To ground this discussion a little, let's start looking at a simple example of C# 3.0/Linq in action.  (Note: this example might look very familiar.  That's because many demos and examples are made to run against the Northwind DB.  This allows us to all talk about the same thing and have consistent and clear names for entities).   You start with a simple list of Customers:

         Customer[] customers = GetCustomers();

Nothing magic going on here.  Nothing up my sleaves.   Just a regular .Net array initialized from some source.  Now, to make things a little simpler (especially for later examples) we can then write that as:

         Customer[] customers = GetCustomers();
        var custs = customers;

What's going on in that second line? Well, "var" is are way of introducing "local variable type inference".  It's a new C# 3.0 feature that allows you to save space by not writing the type of a local variable, while also having the type inferred from the expression that initializes the variable.  So, in the above code, "custs" is known at compile time to be a "Customer[]".  If you were to write:

         var i = 10;
        var b = true;
        var s = "hello";

then it would be the *exact* same as writing:

         int    i = 10;
        bool   b = true;
        string s = "hello";

We'll see later on why this can be quite a handy thing.  Now, let's extend our code a bit further to start querying that array of customers:

         Customer[] customers = GetCustomers();
        var custs = customers.Where(c => c.City == "Seattle");

Here we're simplying querying all our customers for the set of customers that are from Seattle.  And "custs" will be an IEnumerable<Customer>.  We can even carry that a little further in to the following query:

         Customer[] customers = GetCustomers();
        var custs = customers.Where(c => c.City == "Seattle").Select(c => c.Name);

Here we're projecting out the name of all our customers from Seattle.   So custs will be an IEnumerable<string>.  Now, what the heck is this code.  This isn't your daddy's C# anymore.  What are those funky arrows?  And where did the "Where" and "Select" methods come from??  They're certainly don't seem to be defined on array type when i look at it in ILDasm!  Well, to answer the first question, the funky => arrow the new C# 3.0 syntax that allows you to create a lambda expression.
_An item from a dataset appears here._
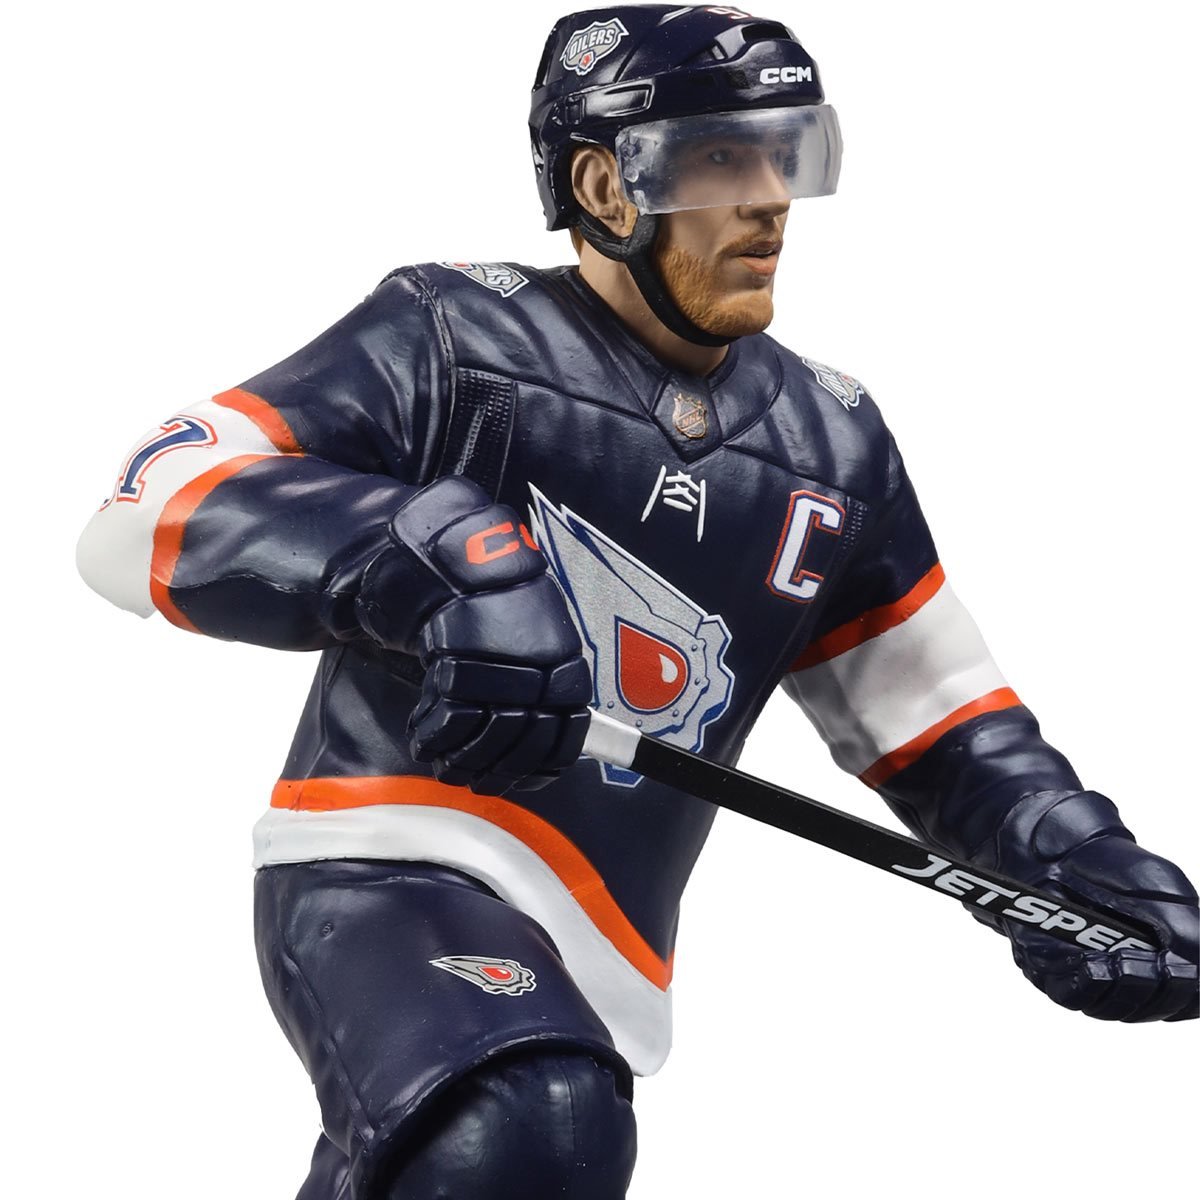 McFarlane Toys Edmonton Oilers Team Shop in NHL Fan Shop

You can think of a lambda expression as a natural evolution of the anonymous methods introduced in C# 2.0.  Lambda expressions benefit from simpler syntax and the ability to use inference.  So now you can write:

         c => c.City == "Seattle"  //instead of
        delegate (Customer c) { return c.City == "Seattle"; }

As you can see, the C# 2.0 method just drowns you in syntax and it makes it a rather poor choice to use in queries (heck! there's a 2x increase in query size between the two).  However, the new C# lambda expression succitly encapsulates the test we want to perform, with only about 5 characters overhead.
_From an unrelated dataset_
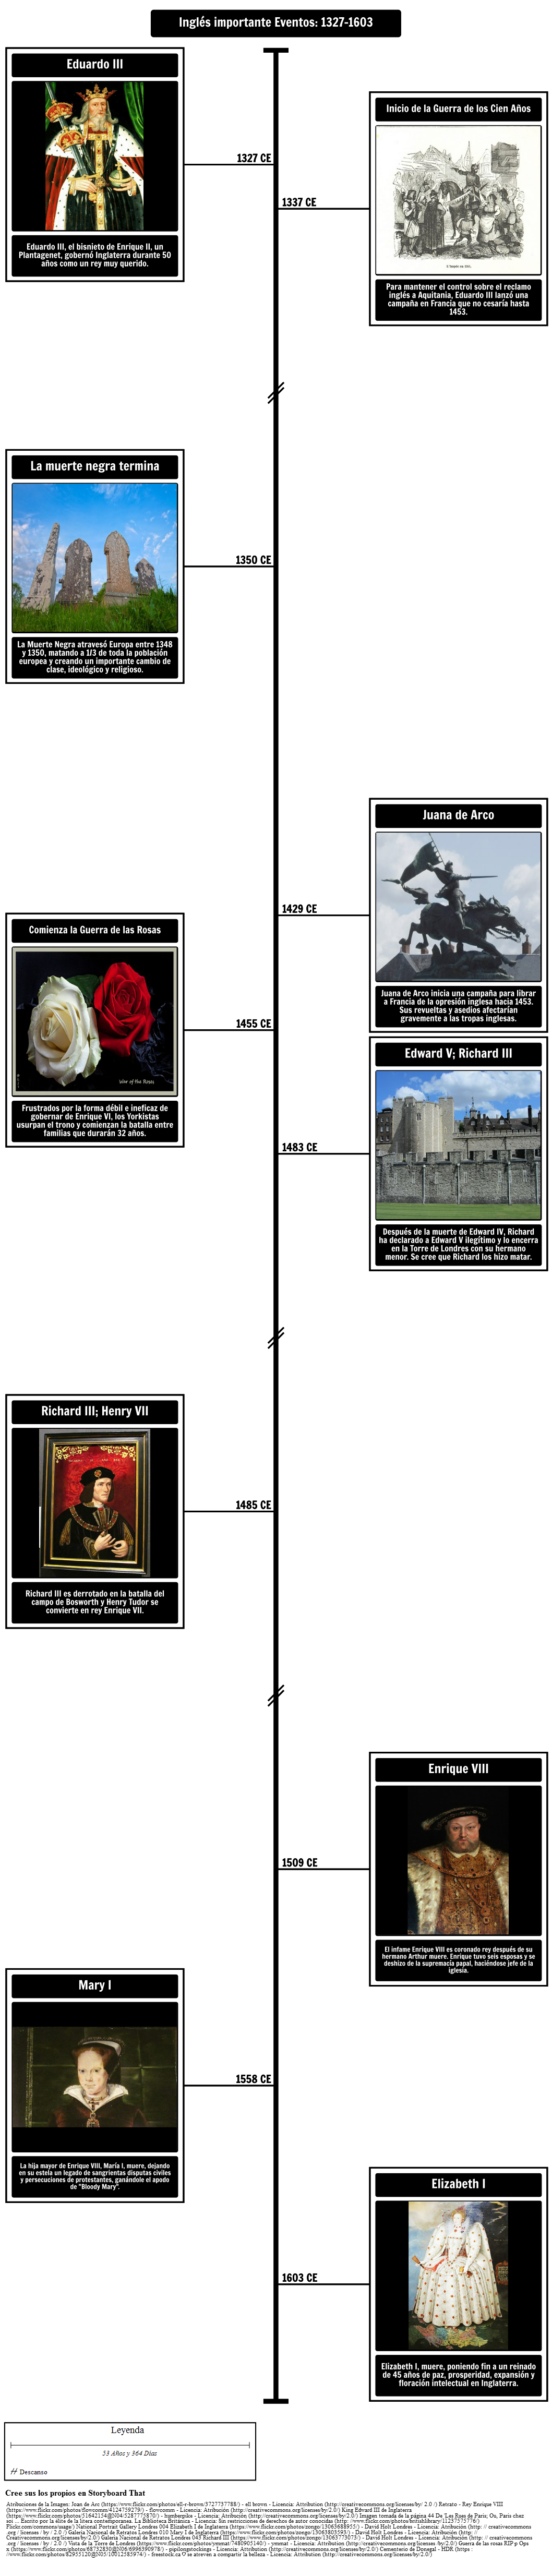 Cronología de eventos importantes en inglés: 1327-1603

That answers the first question, but what about the second?  Where, oh where did "Where" come from?  This is an example of another new C# 3.0 feature we call "extension methods".  Extensions are a way to allow you to add operations to existing types that aren't under your control.  While that may give you the heebie-jeebies, rest assured, you're not actually modifying the actual type.  Rather, you're being allowed to use succint syntax to in effect execute a method as if it existed on this type.  Specifically, extension methods are static methods that look like so:

 namespace System.Query {
    public static class Sequence {
        public static IEnumerable<T> Where<T>(this IEnumerable<T> e, Predicate<T> p) {
            foreach (T t in e) {
                if (p(t)) {
                    yield return t;

This declares an "extension method" on the IEnumerable<T> type.  When you import the namespace by writing "using System.Query", you now gain the ability to call teh "Where" method on anything that implements IEnumerable<T> (like Arrays).  With these extension methods we can now compose powerful query functions together to manipulate data easy.

So at this point we've seen three new C# 3.0 features that can be used together to build a powerful base for querying objects.  In future posts i'll include information about the rest of the new language features, and i'll give a more comprehensive view of how sophisticated our query support is.